The survey is generally completed by an administrative-level manager designated by the state Medicaid director. The average hourly wage is estimated at $32.89 per hour (http://www.bls.gov). The total estimated annualized cost of the respondents’ time is $839.


Respondents

No. of Respondents

No. of Responses per Respondent

Average Burden per Response (in hours)

Average Hourly Wage


Total Cost


State Medicaid Program Administrative Manager



51



1


0.5


$32.89


$839



A.13. Estimates of Other Total Annual Cost Burden to Respondents or Record Keepers


There are no costs to respondents for capital equipment or record-keeping.


A.14. Annualized Cost to the Federal Government

The total annualized cost of the survey is $72,500. The total includes 2.5% of a GS-13 level Federal employee who oversees the project in the role of project officer. The total also includes $70,000 per year for costs incurred by the University of California Berkeley, Center for Health and Public Policy Studies, which received an award to collect and analyze the data from the CDC Prevention Research Center. The tasks to be conducted by UC/Berkeley include:

-Development of Survey Questions

-Fielding survey by contractor

  • Management of data files

  • Format and distribution of pre-notification survey to state Medicaid Directors

  • Format and distribution of survey

  • Conduct follow-up with non-respondents to survey

  • Data entry and preparation of final data set

  • Creation of data file layout with defined labels and values to accompany final data set.

    • Analysis of survey data by contractor: Perform analysis of survey data and prepare Final Report of analysis


A.15.Explanation for Program Changes or Adjustments

This is a request for reinstatement of a previously approved data collection. Minor changes will be incorporated into the survey but they are not expected to change the previously approved burden estimate.


A.16. Plans for Tabulation and Publication and Project Time Schedule

Data collection will be conducted annually, generally in the fall. Data collection will require 3 months. Data cleaning and analysis will also require approximately 3 months.



Data Analysis plan


Previous survey results are available and will be sent to respondents. An SPSS dataset for analysis will be prepared from the responses collected through the web-based survey tool.


Frequencies are tabulated for all questions. In addition, an Excel spread sheet is generated identifying specific coverage by Medicaid program and changes from the previous year are noted.
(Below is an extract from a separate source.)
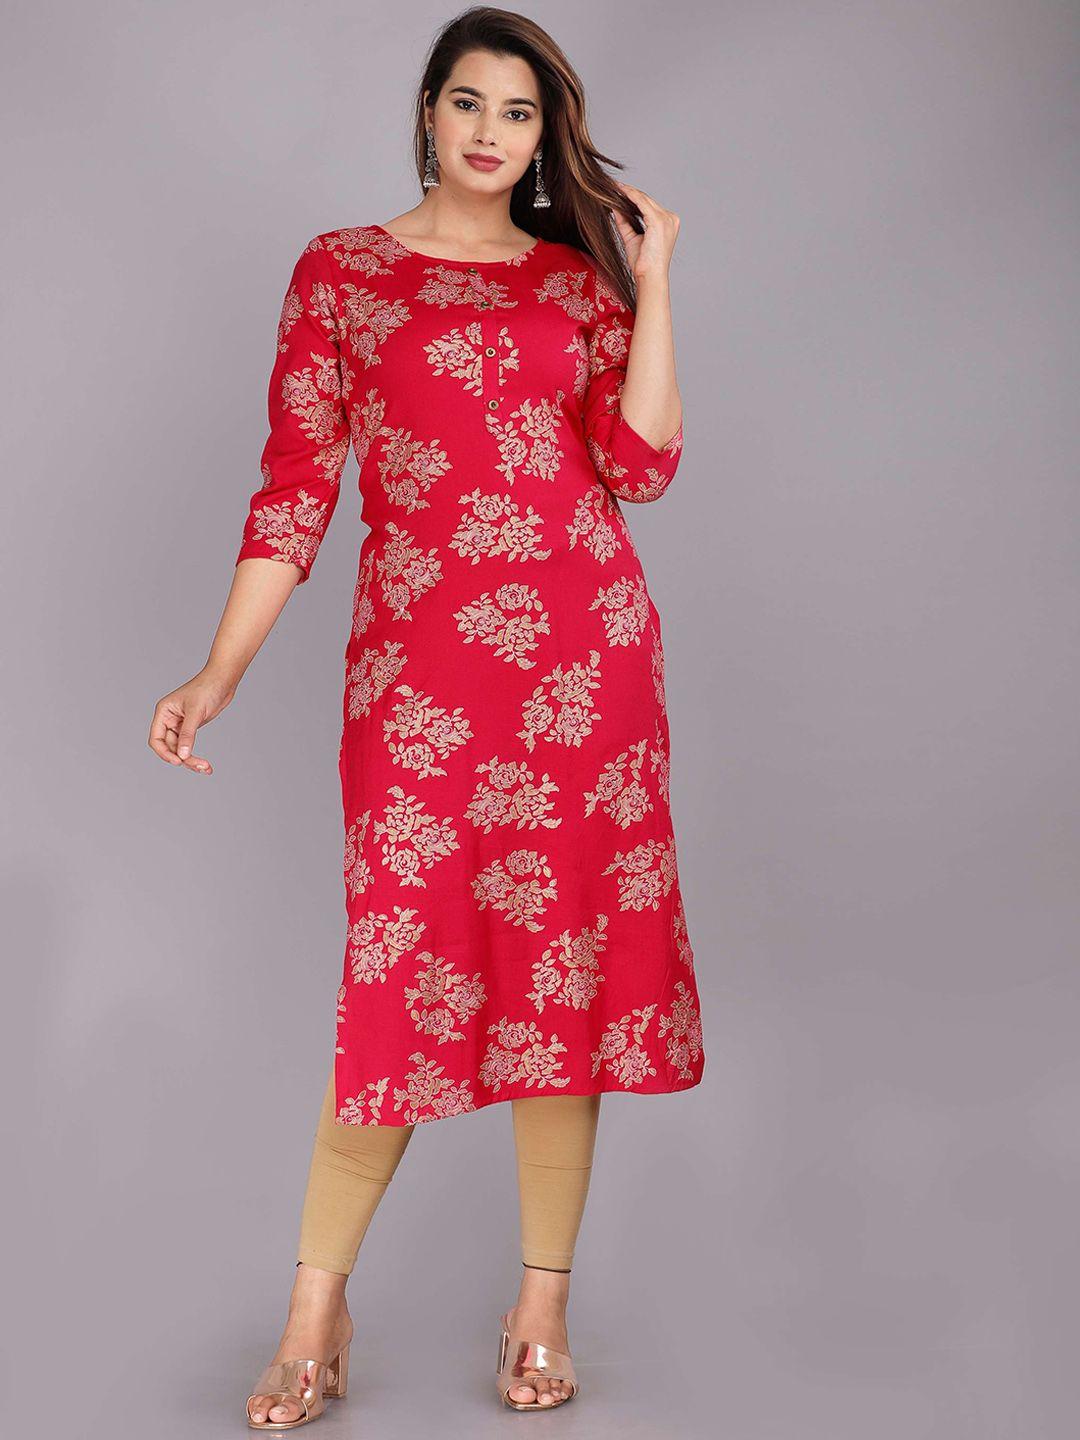 roopwati-fashion-women-pink-floral-printed-floral-kurta

No statistical analysis is performed, as the data are not a statistical sample, rather they comprise the universe of Medicaid programs.


A.17. Reason(s) Display of OMB Expiration Date is Inappropriate

OMB number and expiration date will be displayed.


A.18. Exceptions to Certification for Paperwork Reduction Act Submissions

No exceptions are being requested.







References

1. CDC. State Medicaid Coverage for Tobacco-Dependence Treatments – United States, 1998 and 2000. MMWR 2002;50:979-82.


2. CDC. State Medicaid Coverage for Tobacco-Dependence Treatments – Unites States, 1994-2001. MMWR 2003;52:496-500.


3. CDC. State Medicaid Coverage for Tobacco-Dependence Treatments – United States 1994-2002. MMWR 2004;53:54-57.


4. CDC. State Medicaid Coverage for Tobacco-Dependence Treatments --- United States, 2006. MMWR 2008;57(05):117-122.